3. The method for increasing the power generation self-utilization rate of an energy storage system according to claim 2, wherein said step S11 includes the steps of:

s111, deleting repeated data points;

s112, filling or deleting the data points with the missing values through an interpolation method;

s113, identifying and processing the abnormal data by using a statistical method or an abnormal detection algorithm.

4. A method for increasing the power generation self-utilization rate of an energy storage system according to claim 3, wherein said step S12 comprises the steps of:

s121, reducing scale difference of exponential growth or attenuation trend data through logarithmic conversion;

s122, carrying out maximum-minimum normalization and standardization treatment on the data.

5. The method according to claim 4, wherein the step S13 is performed to reduce the fluctuation and the sampling frequency of the electricity consumption data by calculating an average value over a period of time.

6. The method according to claim 2, wherein in the step S15, 80% of the data set is divided into training sets and 20% is divided into test sets.

7. The method for improving the power generation self-utilization rate of the energy storage system according to claim 1, wherein the prediction selection regression algorithm, the energy storage control strategy optimization selection reinforcement learning algorithm and the load demand prediction of the power generation power of the solar panel in the step S2 adopt a time sequence prediction algorithm.

8. The method for increasing the power generation self-utilization rate of an energy storage system according to claim 1, wherein said step S3 further comprises the steps of:

s31, initializing model parameters according to a learning algorithm selected by each module;

s32, importing the data of the divided training set and the data of the test set into the model, and training the model by using the training set data.

9. The method of increasing the power generation self-utilization of an energy storage system of claim 7, wherein the predictive selection regression algorithm of the solar panel power generation comprises the steps of:

s211, randomly initializing parameters;

s212, forward propagation;

s213, calculating loss;

s214, back propagation;

s215, repeatedly executing the steps S212-S214 to adjust the model to an optimal state to complete training;

the energy storage control strategy optimization selection reinforcement learning algorithm uses a Q-learning algorithm, and the Q-learning algorithm iteratively updates a Q value function until the Q value function converges to an optimal solution, and the method comprises the following steps of:

s221, initializing a Q value function;

s222, interacting with the environment;

s223, updating the Q value function;

s224, repeatedly executing the steps S222-S223 until the Q value function converges or reaches the designated training times;

s225, an optimal energy storage control strategy is formulated by selecting actions with the maximum Q values in each state.

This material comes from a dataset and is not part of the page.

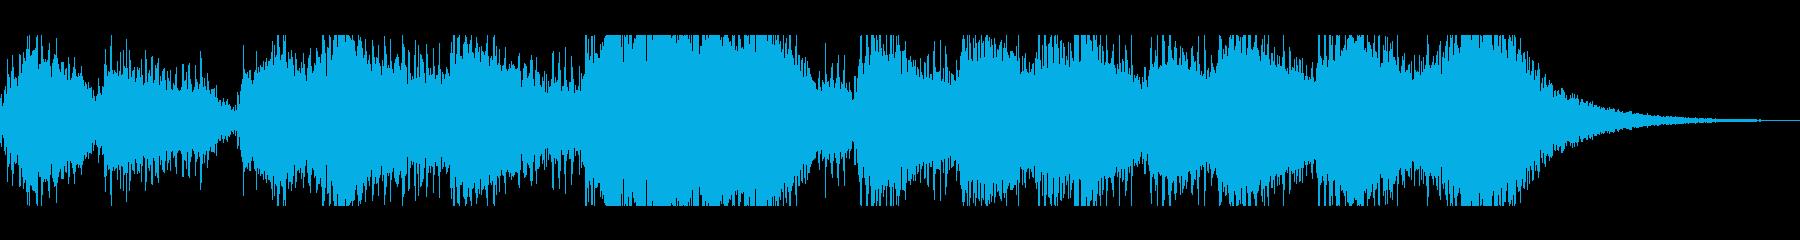 レイヤードスペースベルコーラスの再生済みの波形

10. The method of increasing the power generation self-utilization of an energy storage system of claim 7, wherein the load demand prediction employs an ARIMA algorithm in a time series prediction algorithm for load prediction, comprising the steps of:

s231, carrying out stability test on the load demand data;

s232, selecting parameters of an ARIMA model according to the autocorrelation diagrams and the partial autocorrelation diagrams;

s233, training the historical load demand data according to the selected ARIMA model parameters to obtain an ARIMA model.